McNamara died on a day when there was interesting news from Asia, the region of his torments: There was lethal ethnic rioting in China. That development refutes, redundantly, the prophecy of a 19th-century social scientist, Karl Marx. Believing that he had discerned the laws of social physics, he said that the coming of modernity — the rise of science and the retreat of religion under the rationality of market societies — would mean that pre-industrial factors such as religion and ethnicity would lose their history-shaping saliency.


So far, the 21st century is vexed by nothing so much as those supposed residues of humanity's infancy. Nevertheless, Marx's anticipation morphed into what Moynihan called "the liberal expectancy." It is the hope — liberals tend to treat hopes as probabilities — that the fading of those atavisms and superstitions has put the world on a path to perpetual tranquility.


The world McNamara has departed could soon be convulsed by attempts to modify Iran's behavior.

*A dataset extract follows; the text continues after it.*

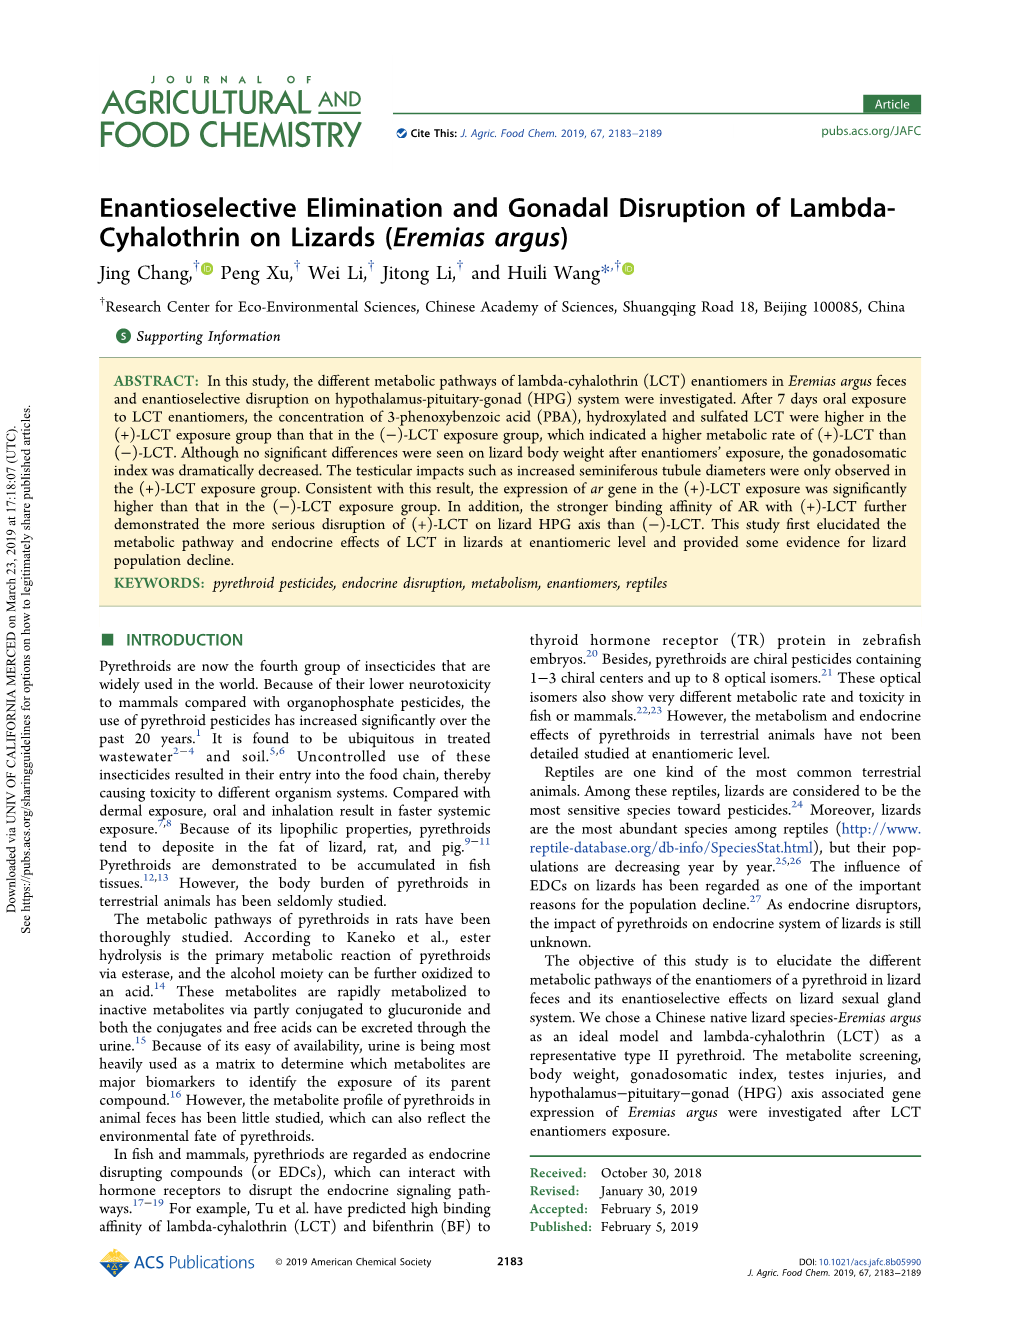 Enantioselective Elimination and Gonadal Disruption of Lambda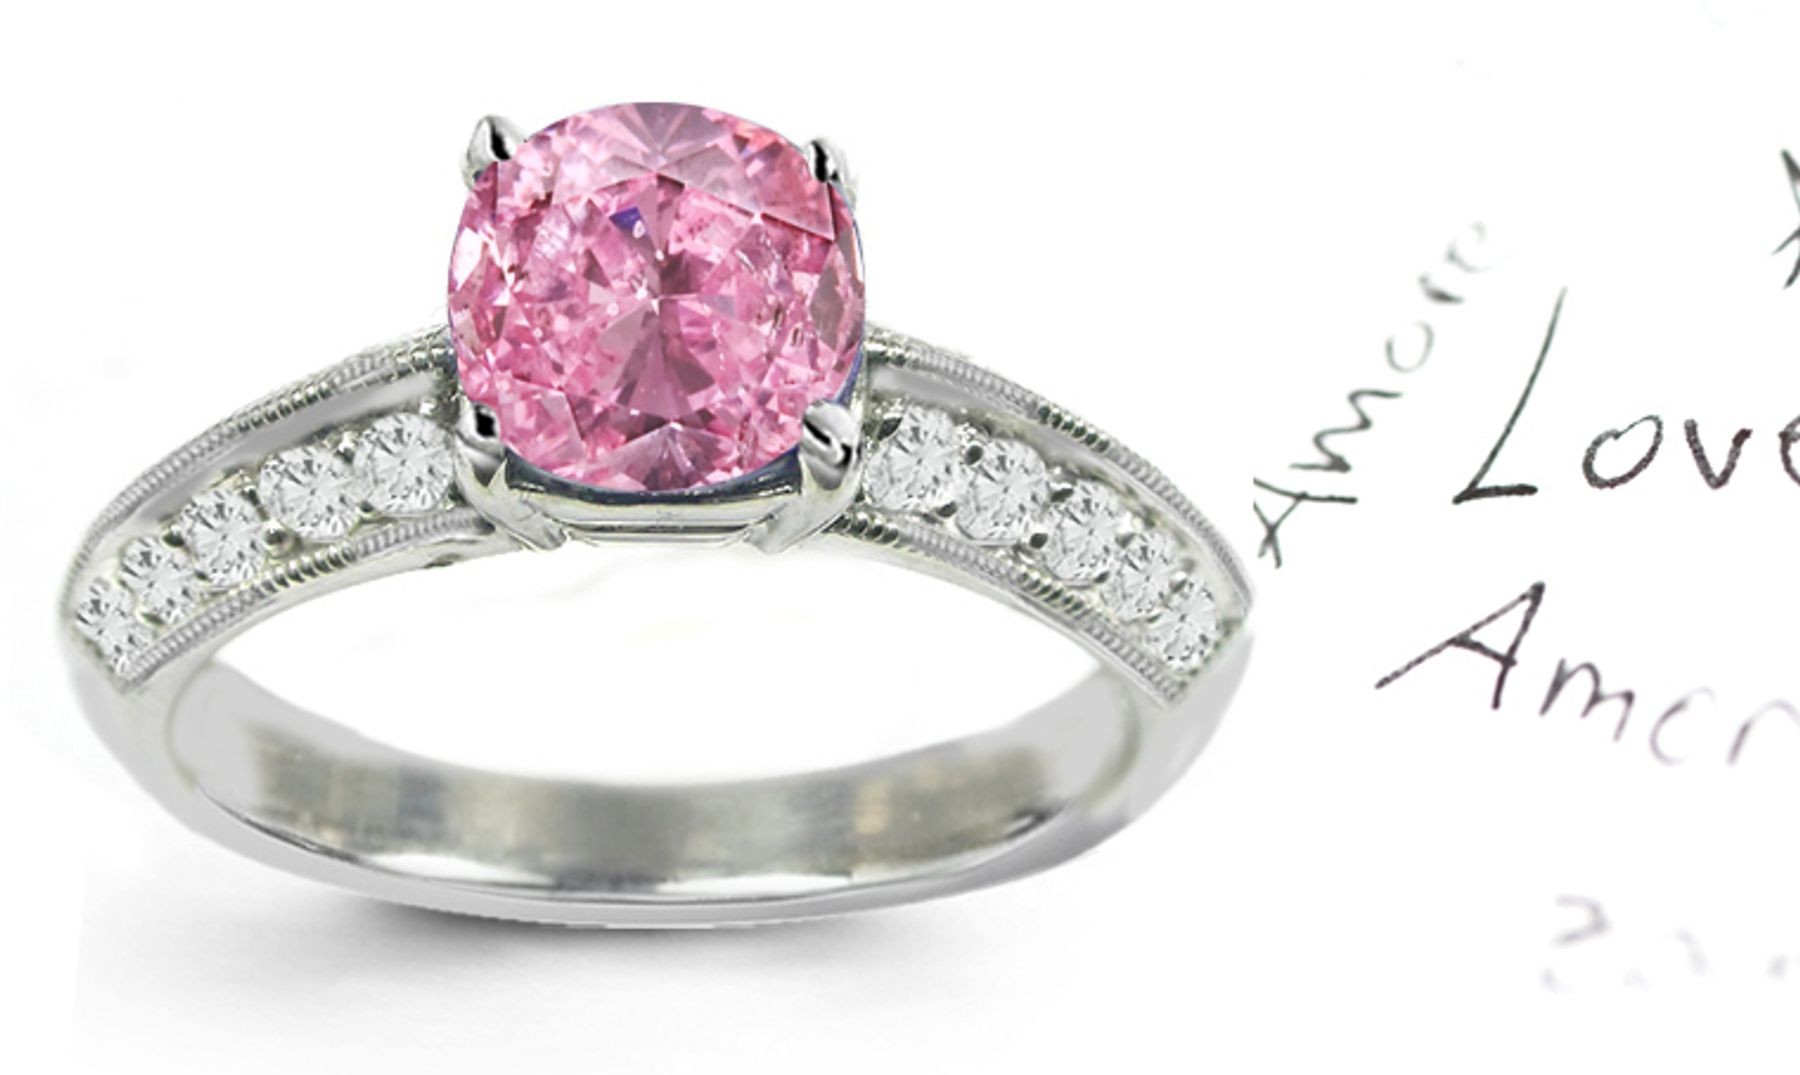 Premier Colored Diamonds Designer Collection - Pink Colored Diamonds & White Diamonds Fancy Pink Diamond Engagement Rings

Since a variety of incentives have been unavailing, more muscular measures — perhaps "surgical strikes," a phrase redolent of the McNamara mentality — are contemplated.


Some persons fault the president for not having more ambitious plans to prompt and guide Iranians toward regime change. That outcome is sometimes advocated, and its consequences confidently anticipated, by neoconservatives whose certitude about feasibility resembles that which, decades ago, neoconservatism was born to counter.


Well. Every four years we saturate New Hampshire — that small, English-speaking, culturally homogenous, ethnically temperate sliver of tranquil New England — with politicians, consultants, journalists and political scientists. And often we are surprised — even dumbfounded — by how unpredictably that state's people, with their native perversity, choose to behave in their presidential primary.


McNamara, like many who leave high office, never left the capital of this nation that believes people learn from history, and that therefore history is linear and progressive. But the capital, gripped once again by the audacious hope of mastering everything, would be wise to entertain a shadow of a doubt about that.